Thanks Jessica, I had not seen the particular site but have found the same information it links to from other places.

I did not look at DIG or PJX. The original idea was to buy some USO for two reasons: 1)The upward momentum in crude prices seemed unbreakable in spite of common sense, and 2)USO actually owns oil futures contracts. The latter fact probably provides for less correlation with the market, but It seemed like an interesting trade to play along with the momentum, and I don't think I'll find a ETF that actually holds barrels of oil somewhere. (Plus I already own individual stocks that are in either the DIG or PJX or both.)

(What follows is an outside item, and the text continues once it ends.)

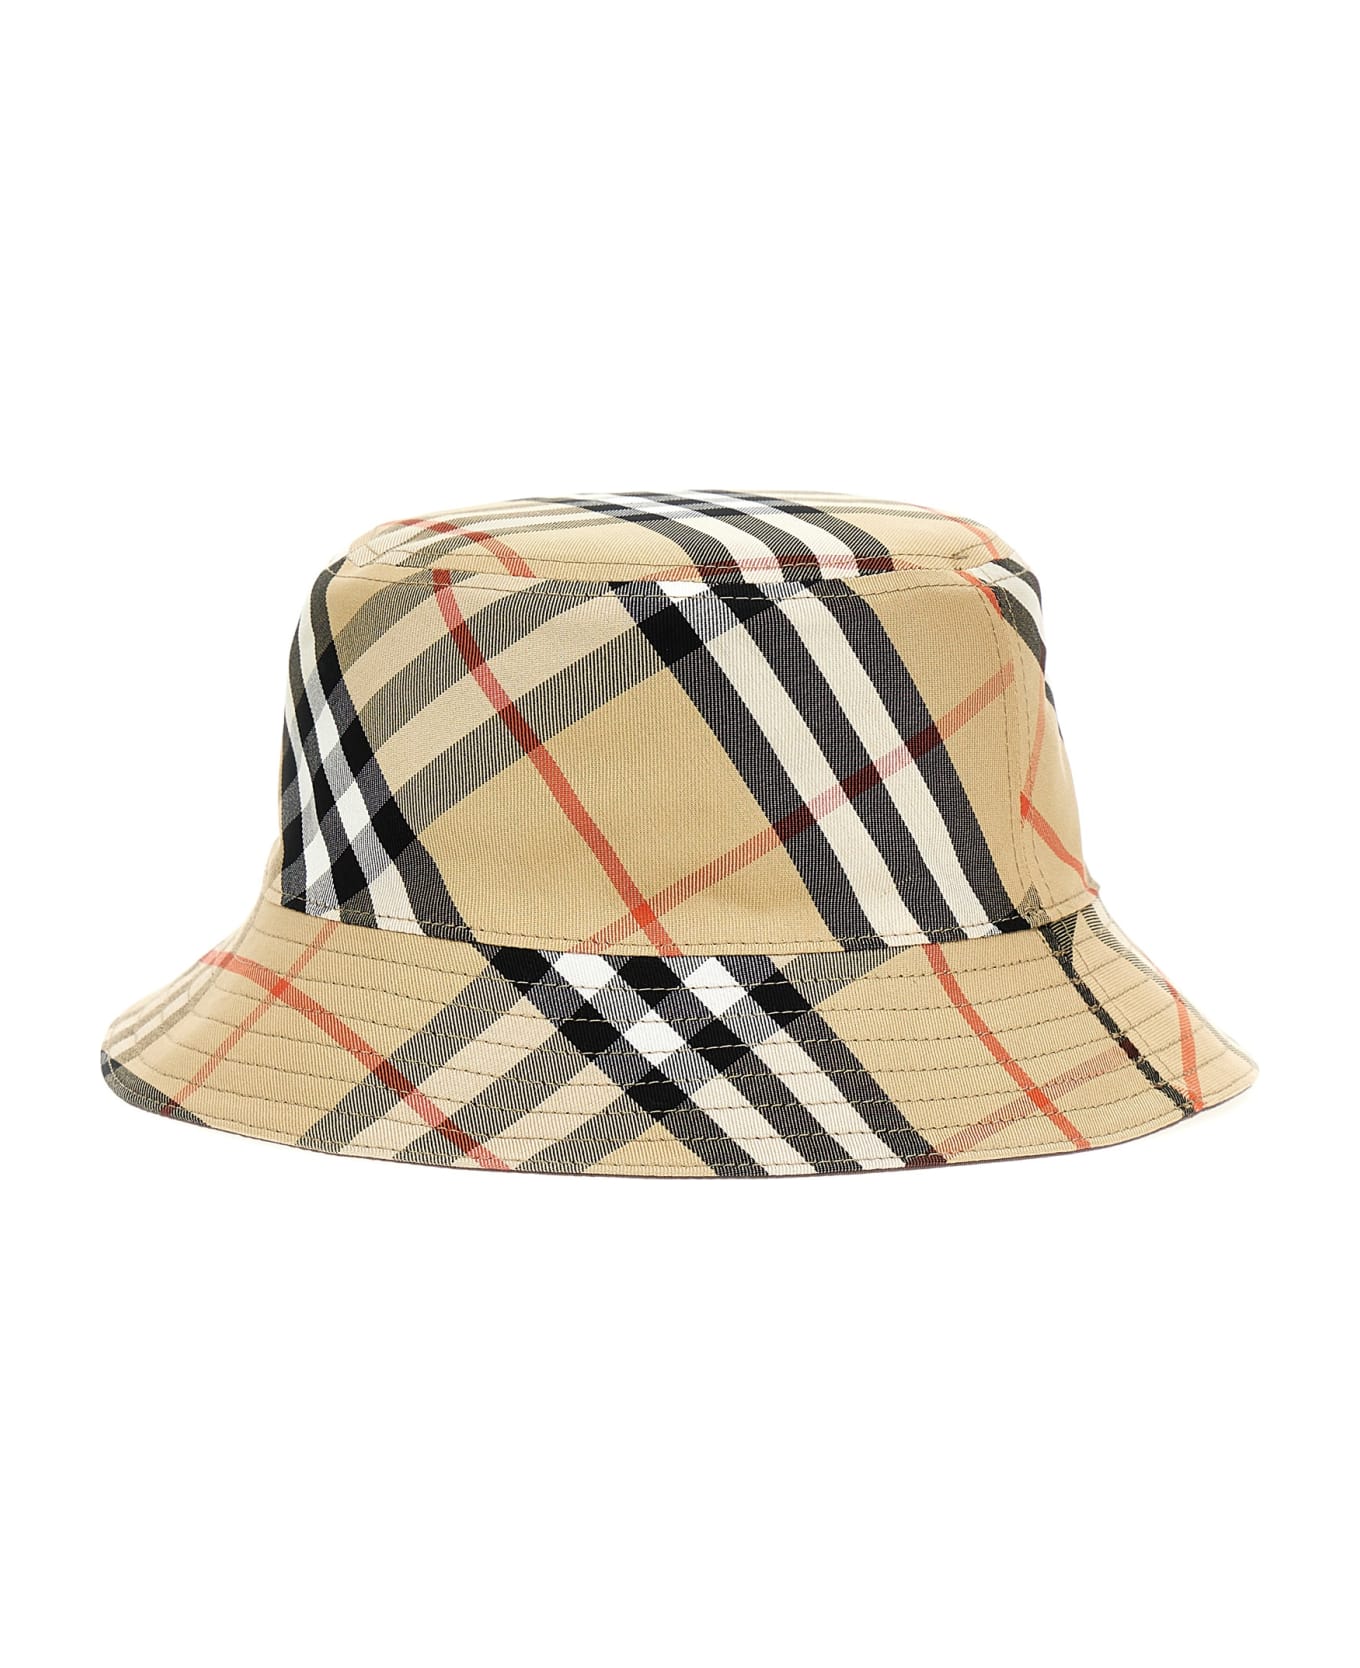 Burberry Reversible Bucket Hat - Multicolor

When I decided the trend was broken in crude's momentum, I realized that my holdings in oil services and integrateds were going to take a beating. The market has beaten me up enough this year and I started looking for hedges. There's not much of an anti-USO ETF, and I wasn't sure I wanted to short USO shares, so I looked at the short and ultra short ETFs. DTO (actually an ETN) seemed interesting, but in the end I chose DUG because it seemed like what I actually wanted to be hedging was risk on my oil services and integrateds and not the price of crude - and DUG made sense because its goal is to try to be the 200% daily opposite of the DJUSEN.

I will admit to not being very comfortable with owning DUG, but as a trade it worked out well.